The Decline and Fall of IBM
I wrote this quite a while ago, never finished the article until now. Enjoy.
Yeah right!
With this words Robert X Cringley a.k.a Mark Stephens celebrates himself when he asserts something clever. His book The Decline and Fall of IBM created quite some stir and was a hot topic of discussion especially among IBMers and alumni.
So I got myself a copy and had a look. Clearly he has an axe to grind with IBM and everybody is invited. Many came. Half of the book consists of mostly grieving comments ranging from 2007 until 2014. With all this contributions, the content remains light on substance. After all it costs you less than a late.
Some of the stated observations are spot on, like "IBM is a sales organisation", others while looking like observations, but rather are opinions (e.g. "IBM lost its way") and statements that made me feel: "why didn't the IBM board ask him to run IBM? He seems to know so much better!", exactly like an arbitrary spectator of the world cup in a pub can tell you what a team did wrong.
I'm not saying, that all is well in IBM, that would be a fools view. An organisation with a size and workforce exceeding several countries does live in challenging times. An economic system, that values growth over everything is problematic (In biology an organism that grows indefinitely is called cancer) at least and transiting to a global workforce on this scale is unparalleled. I share his view that the dance around the golden calf known as shareholder value might be praying to a false good.
Here are some comments to Cringley's statements, that crossed my mind (paraphrasing):
- Cringley: "In IBM management is royalty, the sales force the nobility and technical people are the peasants. No peasant can dream to become royalty".
Yeah right! IBM fellows, IBM Distinguished Engineers or members of the IBM Academy of Technology will disagree. The irony here: in the "good old IBM (of Watson)" there was no career path for technical experts. In the IBM of today there is - I worked a lot with our engineers in India and China. They are hard working, ready to learn and, by now, quite experienced. Asserting that they are less capable that their American counterparts, seems quite arrogant to me. Yes, they were unexperienced a decade ago, but that's a long time in IT years. Also: there are capable and incapable engineers everywhere. Pinning it on a specific country or region is (insert your own statement of backwards here). A real issue however are IBM's processes, that had been designed to cater to get less experienced people on board. They need an overhaul.

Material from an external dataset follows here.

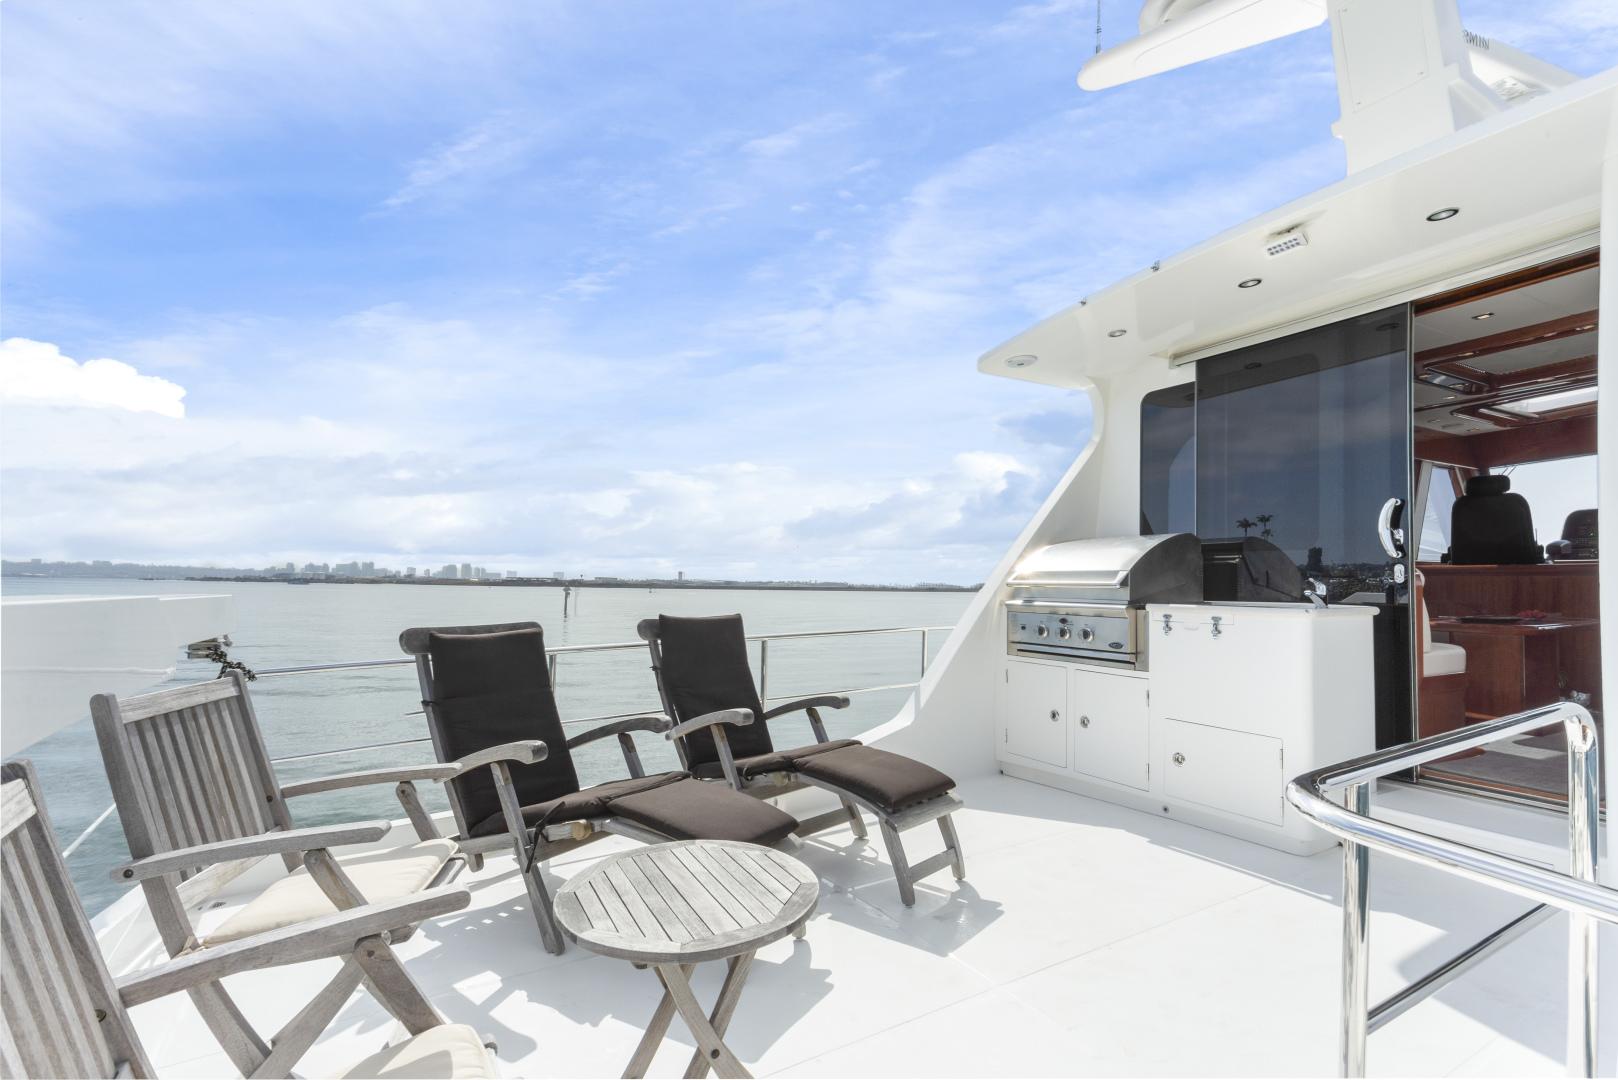 Hampton-76 Skylounge Motoryacht 2014-ODYSEA San Diego-California-United States-BRIDGE DECK-1165184 | Thumbnail

- Cringley: "IBM should not sell the Intel servers to Lenovo".
Yeah right! Cringley portrays it as the complete exit out of a server growth market. However IBM still has Intel based technology in their PureSystems and acquired skills and know how through the Softlayer acquisition how to build the special segment of Intel based machines that run in cloud size data centres. So instead of exiting a segment, it looks to me like eliminating duplicate product lines - Cringley: "IBM should port AIX to Intel".
Yeah right! AIX runs on one class of IBM machines (System P), while Linux runs on everything fromSoftlayerBluemix to Mainframe. Linux outperforms AIX on System P in quite some workloads. So what makes a better investment? Port AIX or infuse the security know how of AIX into Linux? (the file system options are there already) - Cringley: "IBM should ditch the Power architecture and switch to Intel"
Yeah right! IBM has vast know how in building processors that will get lost when stopping to develop them. Asset utilisation isn't ditching assets, but making them more competitive. Intel and ARM aren't the only shops who can design processors, just have a look at OpenPOWER - Cringley: Hadoop will make mainframes obsolete.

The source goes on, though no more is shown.